Many other sports are slighted too. I have yet to see one boxing match in prime time. What of the rowing? Field hockey? Soccer? Softball? Cycling? Hardly a mention amid the leaping bikinis. To get NBC's attention, the traditional athletes need to shed some clothing and play rock 'n' roll.
I have one other beef - this one also perpetrated by newspapers, including the Post-Gazette. We are told we are No. 1 in the medals tally. Hurrah for us!
No, we aren't. The truth is that we are trailing the Chinese in achievement. Consider the medals table in this morning's PG. The United States leads with 72 medals total, followed by China with 67 and Russia with 36.
But that makes sense only if all the medals are equal in value.
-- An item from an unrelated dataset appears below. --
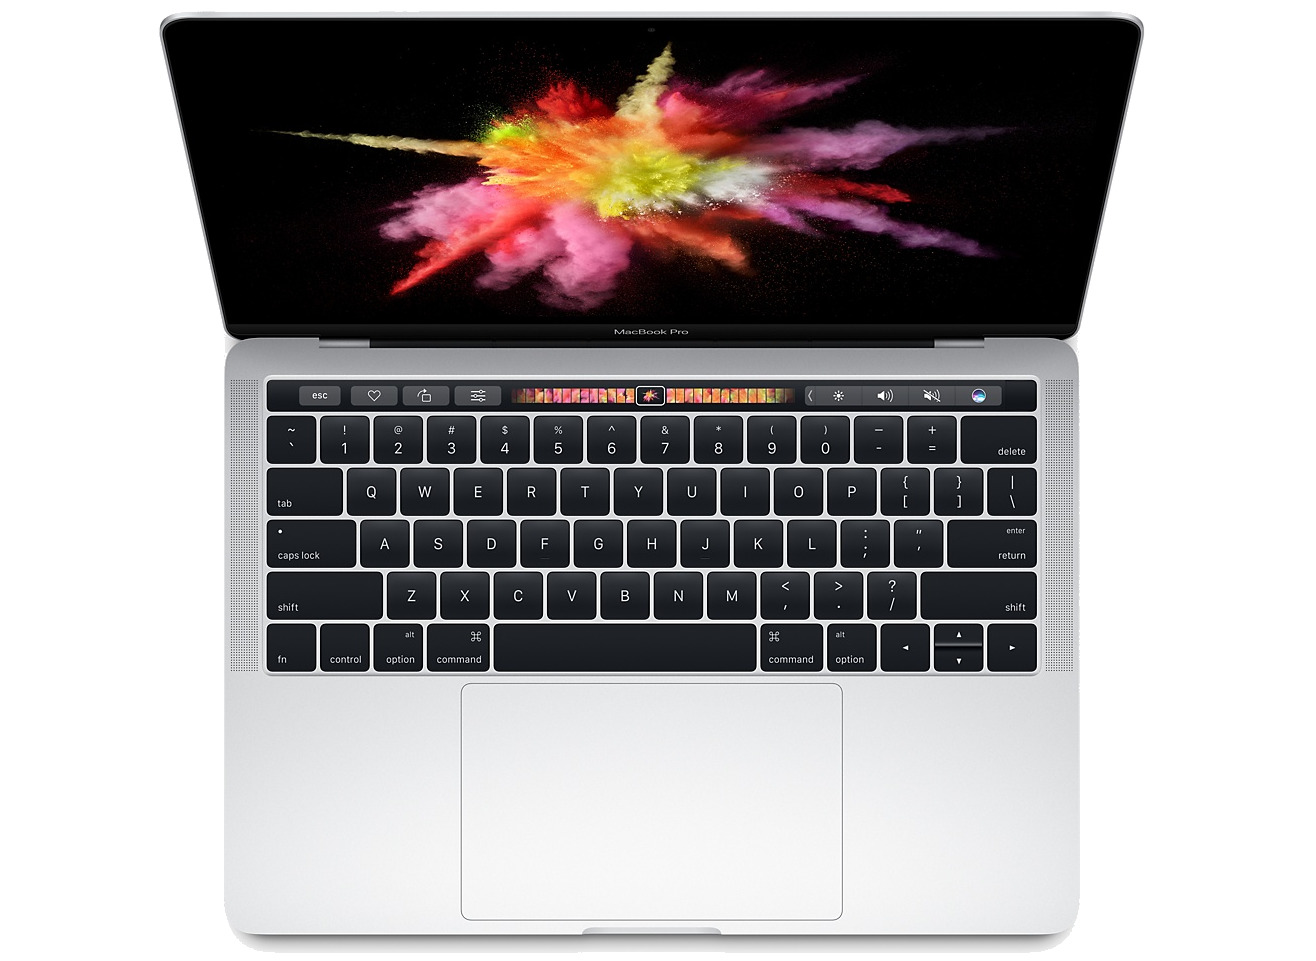 2016 13 inch MacBook Pro with TouchBar

They aren't. They come in three categories, gold, silver and bronze, each one different from the next and worth more in honor and prestige. (If this were not so, the gold medal winner would stand level on the podium, not be placed above the rest).
When I worked on The Times of London in the sports section many years ago, they had a more sensible system: Gold medals were given the value of three points, silver medals were given two and bronze one - which reflects reality (a gold is at least three times the honor of a bronze and twice that of a silver).
Let's recalculate that table.
The United States had 22 gold medals (66 points), 24 silvers (48 points) and 26 bronzes (26 points) for a total of 140 points. Pretty good.
China had 39 gold medals (117 points), 14 silvers (28 points) and 14 bronzes (14 points) for a total of 159 points. China leads in a more realistic accounting.
But at least we all know that our leaping bikinis are doing better than their leaping bikinis - and that's the main thing.